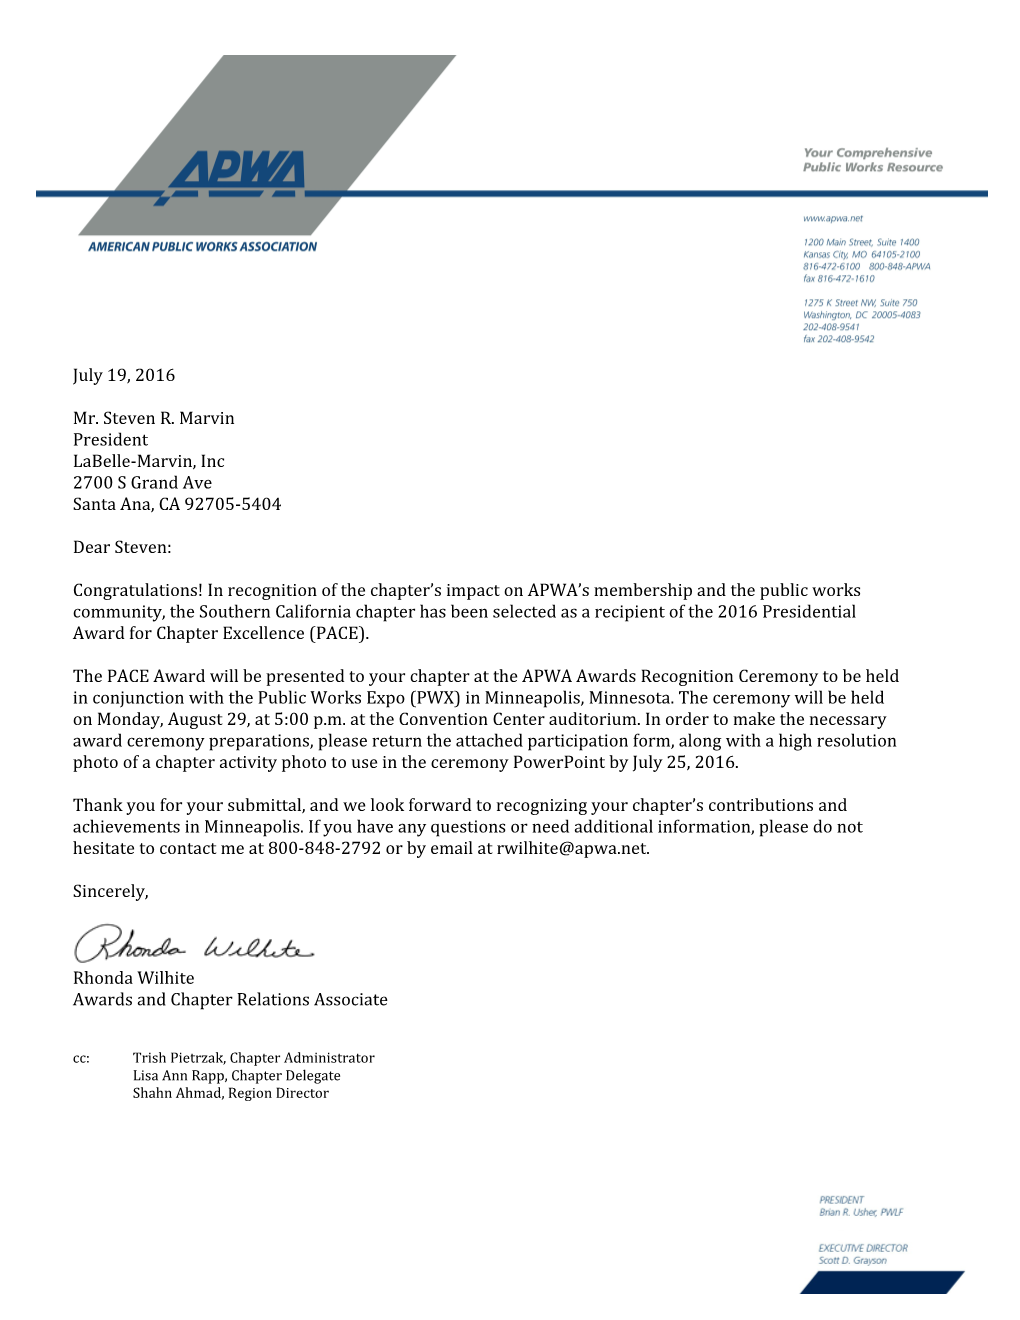 Congratulations! in Recognition of the Chapter S Impact on APWA S Membership and the Public
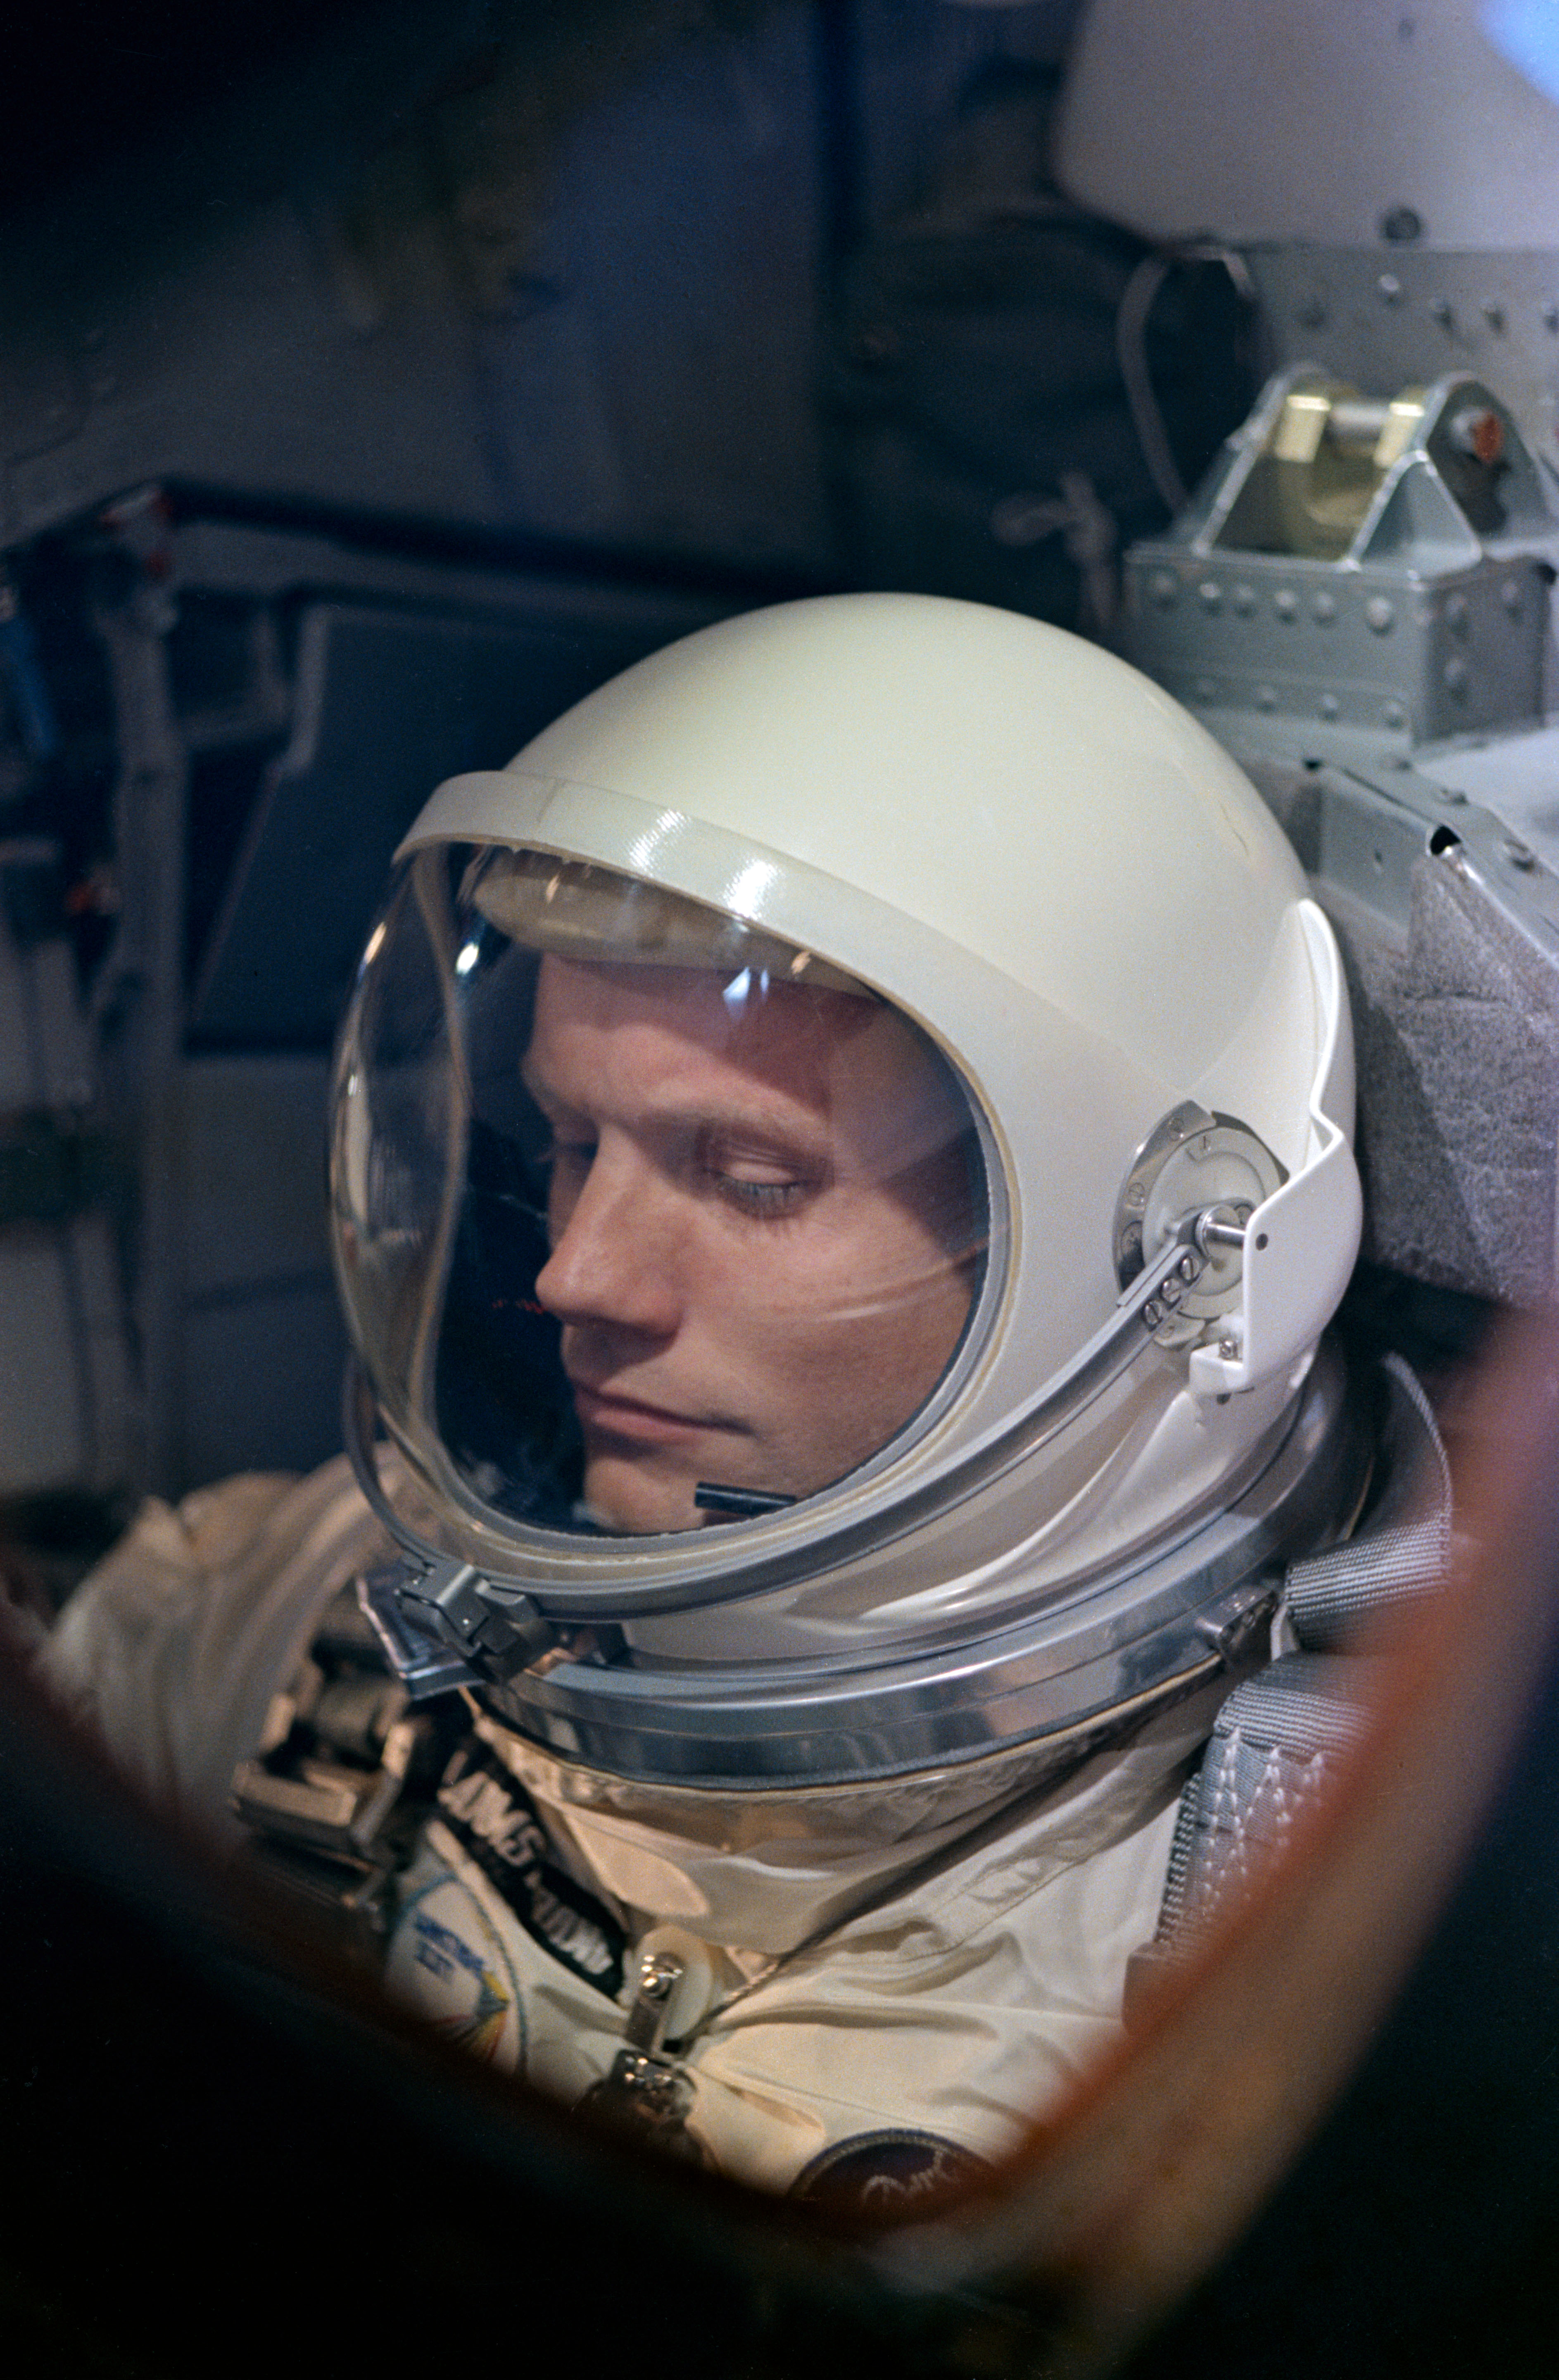 Armstrong sits in Gemini VIII prior to liftoff
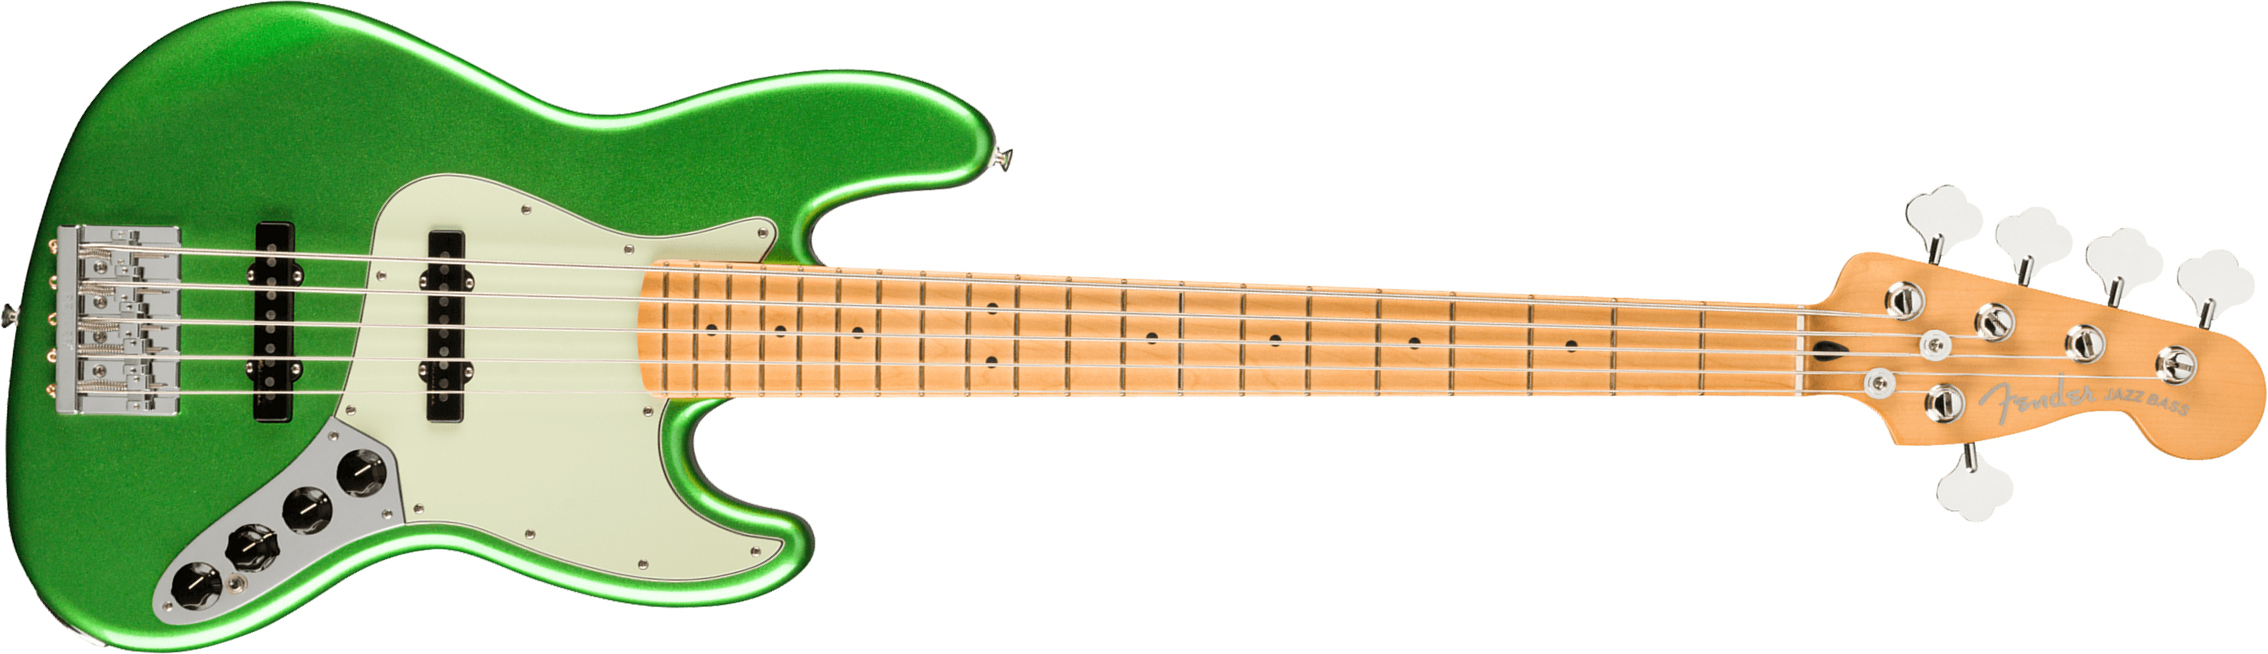 Fender Jazz Bass Player Plus V Mex 5c Active Mn - Cosmic Jade - Solid body electric bass - Main picture

**To do**
Would you retype the listing above exactly, omitting its pictures?

**Result of the exercise**
 Congratulations! in Recognition of the Chapter S Impact on APWA S Membership and the Public
 Armstrong sits in Gemini VIII prior to liftoff
 Fender Jazz Bass Player Plus V Mex 5c Active Mn - Cosmic Jade - Solid body electric bass - Main picture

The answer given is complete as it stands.